A few years later I had my own and used the internet for the first time. This
was like 1998/1999.

Funny enough, during my middle school years I thought programming would be
boring. It wasn't until college that I found that I really enjoyed it. By
chance I came across PG's essays perhaps 16 months ago. Now I am moving to San
Francisco to work for a startup. Funny how things happen.

------
ww520
I'm a native growing up here in the SF Bay Area. Even for school, it's just in
Berkeley across the bay.

For programming, I started with Basic and assembly in high school, then
Pascal/C/Scheme/Lisp in college. Got some very valuable CS classes that I can
use till today. For one semester I bought Guy Steele's Lisp reference and
wrote a Common Lisp system from ground up with C while funking the complex
analysis math class (low attendance); no regret.

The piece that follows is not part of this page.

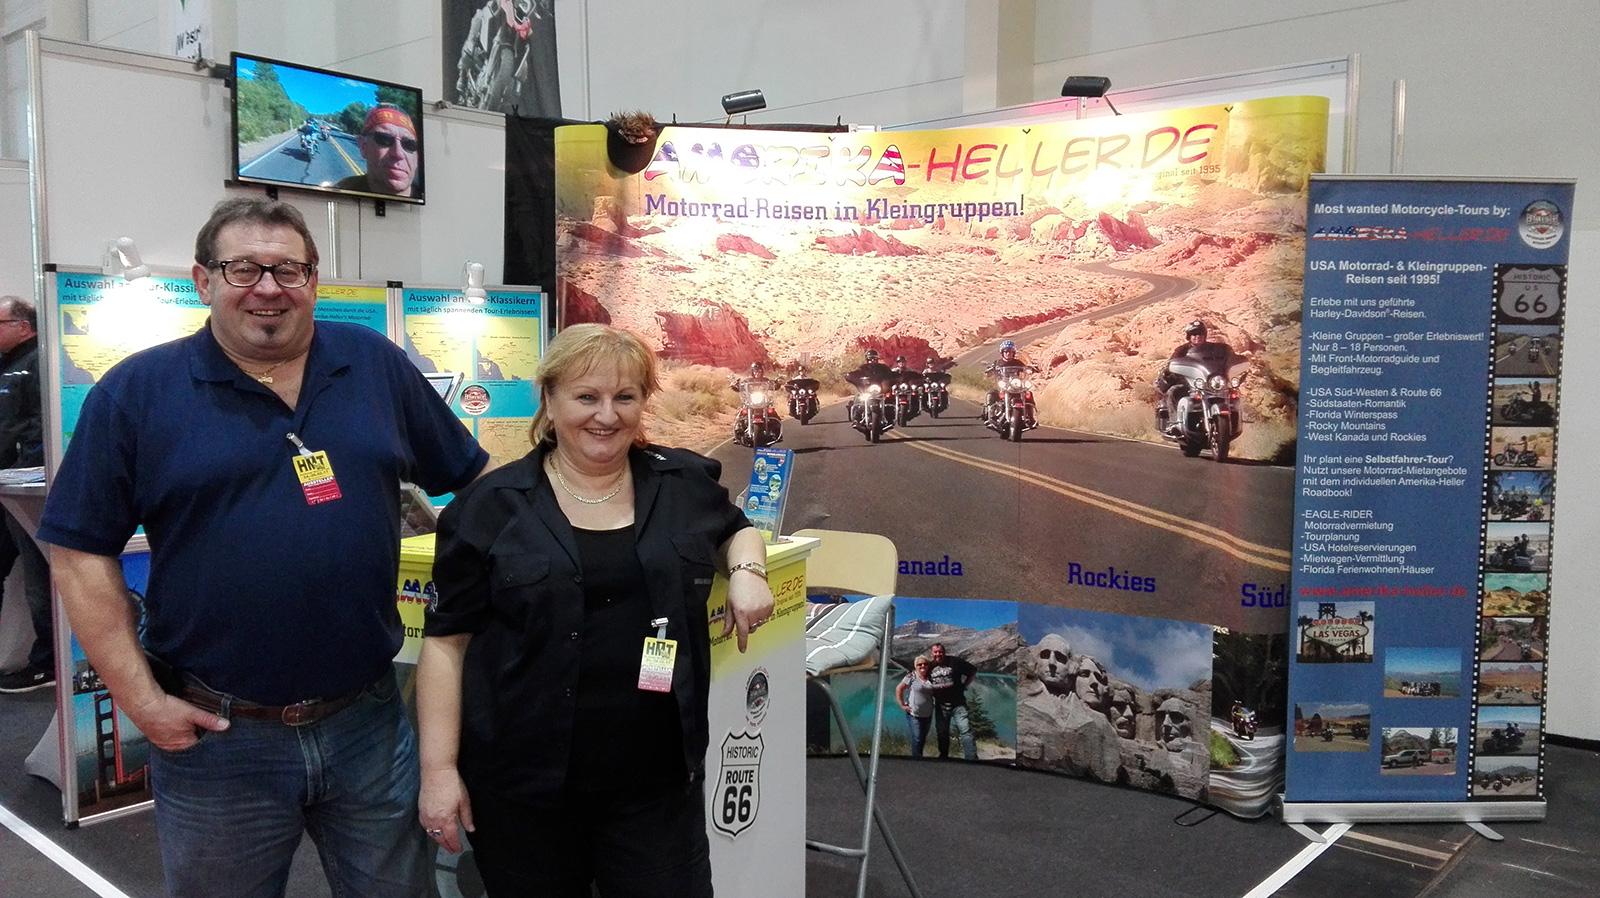 Amerika Heller Messen & Roadshows - USA Motorradreisen

I probably didn't know it at the time but there were a lot of advance in CS
fundamentals at the time, and I felt like I've missed out on those cause I
came at the tail end of them. What's funny was that I did join a database
startup some time later that happened to be started by my CS professor.

Over the years, I did work in databases, network protocol/drivers, kernel
device drivers, native UI apps, p2p, security, ecommerce/auction, ERP
integration, complex event system, regulatory compliance, CRUD apps, fault-
tolerant system, index/search, data mining, fault detection, financial app,
storage system, full stack webapps, mobile apps/games, and railway analysis
apps. It's very rewarding to be able to go from the very low level in the
system all the way to the user facing level. Nowadays I mostly work on full
stack webapps or mobile apps.

For languages I just picked them up along the way, such as
C++/Java/Javascript/Perl/Python. I found that if I use them in my work, I
would become good at them, otherwise I forgot about them, like I've dabbled in
Fortran/PHP/Ruby/Haskell/Scala/Clojure but they become hazy after a while.

Besides the first two companies I joined, all others were startups.

------
robertlaing
Web designer/programmer working in agencies in London, back in 2004.

A freelancer who was working for us quit and raised some money for a product
idea. And friends, who had founded Last.fm, started getting a lot of traction.

About that time I realized "oh I don't need to work for agencies my whole
life". Was very inspiring. I think that unless you've grown up in SV, gone to
Stanford etc, that kind of idea is very uncommon.

Moved to Japan, started a startup.

All been downhill since then :) Gotta get off this crack :)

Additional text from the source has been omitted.